Project 5 (2017-2024) - The Role of Information Technology & Treatment Heterogeneity in Population Health
This proposal seeks to better understand the underlying microeconomic drivers of physician use of information technology (IT), with a focus on the provision of preventive care and its downstream population health impacts. To do so, we will leverage unique, rich data on physician use of IT (at the second-by-second level) to assess patient eligibility for preventive care, linked to traditional data sources (e.g. claims), and quasi-random variation in incentives.

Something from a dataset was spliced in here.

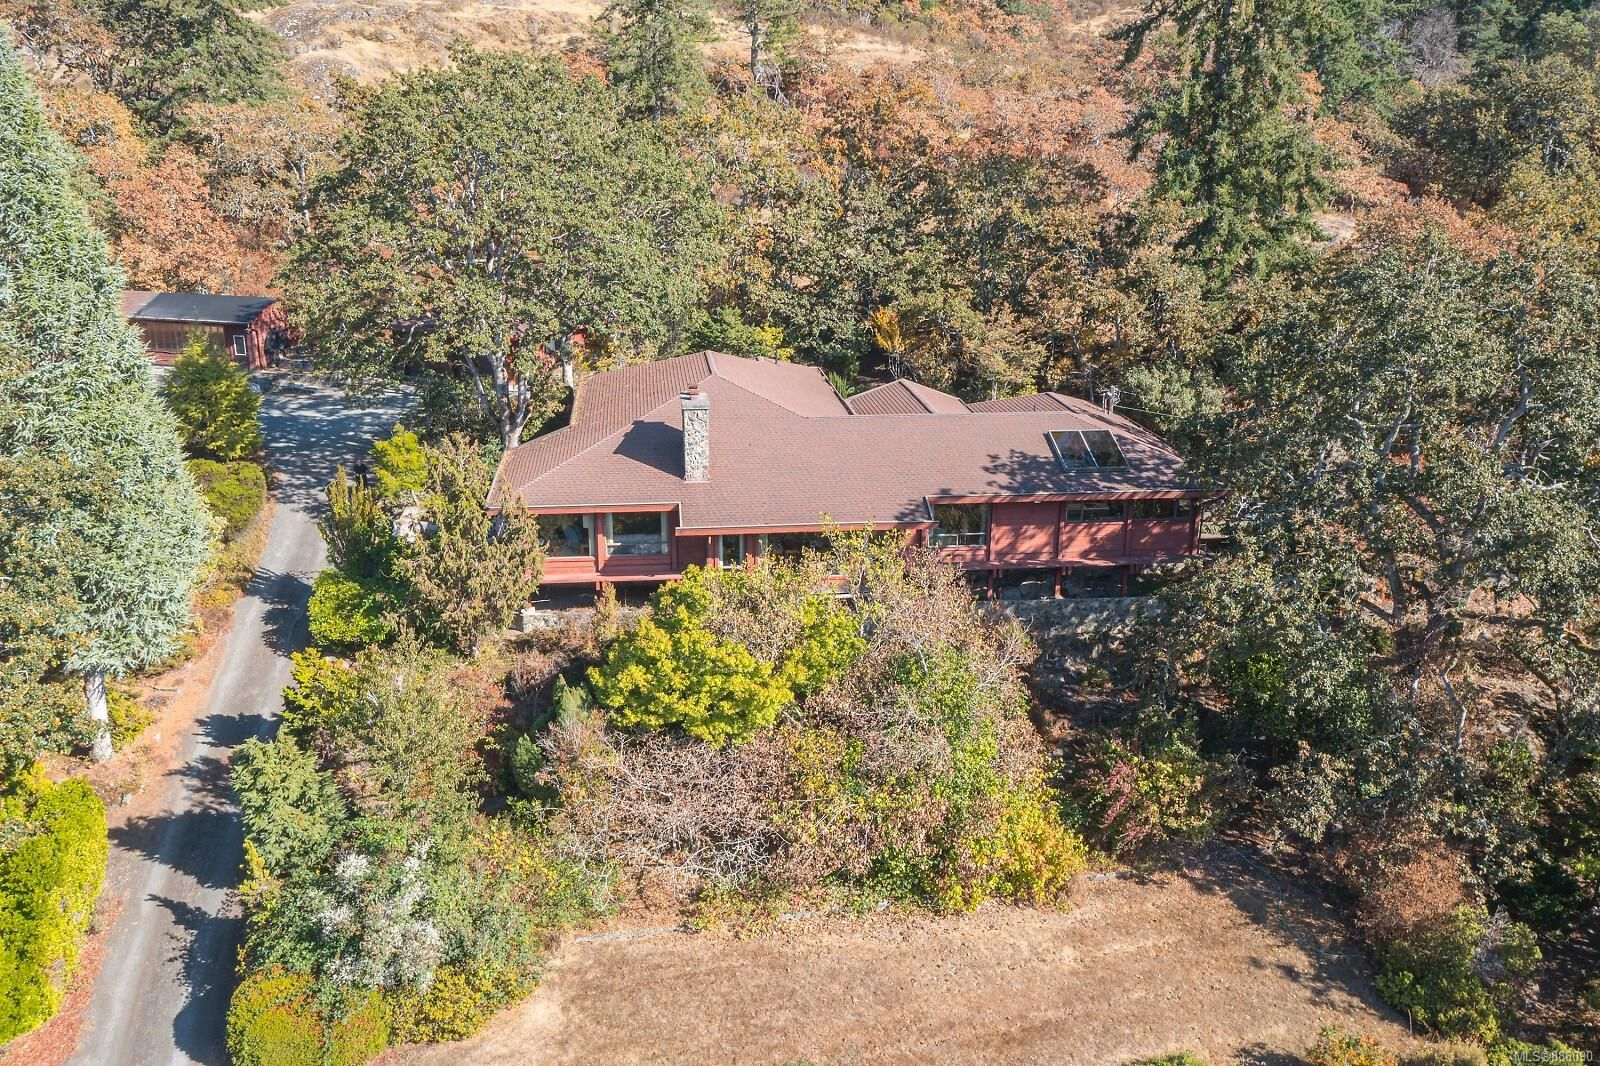 Main Photo: 4553 Blenkinsop Rd in : SE Blenkinsop House for sale (Saanich East)  : MLS®# 886090

We will incorporate methods from machine learning and econometrics to i) tractably characterize use of IT based on numerous potential patterns of use and ii) understand heterogeneity in impacts of IT using datadriven approaches to estimation. We will be able to study the average impact of IT on the provision of preventive care. In addition, we will use natural variation in which incentives were moved from measures of the process of preventive care – screening for HbA1c level – to intermediate health outcomes – HbA1c levels under control. This will allow us to assess the impact of IT on physician and patient effort on preventive care as well as the impact on health itself. Our approach allows us to consider not only the mean impact of IT, but also the potential sources of its heterogeneous impacts on access and adherence to preventive care. For example, among diabetic patients, is the primary determinant of appropriate preventive screening whether the patient visits the doctor or, conditional on visiting the doctor, whether the physician provides appropriate screening? How do these margins for care depend on access to IT, and physician, patient, and treatment heterogeneity? These distinctions have important implications for designing interventions and incentives to improve health among the diabetic population – and prevention more broadly. IT also has the potential to provide targeted individual-level information and treatment guidelines.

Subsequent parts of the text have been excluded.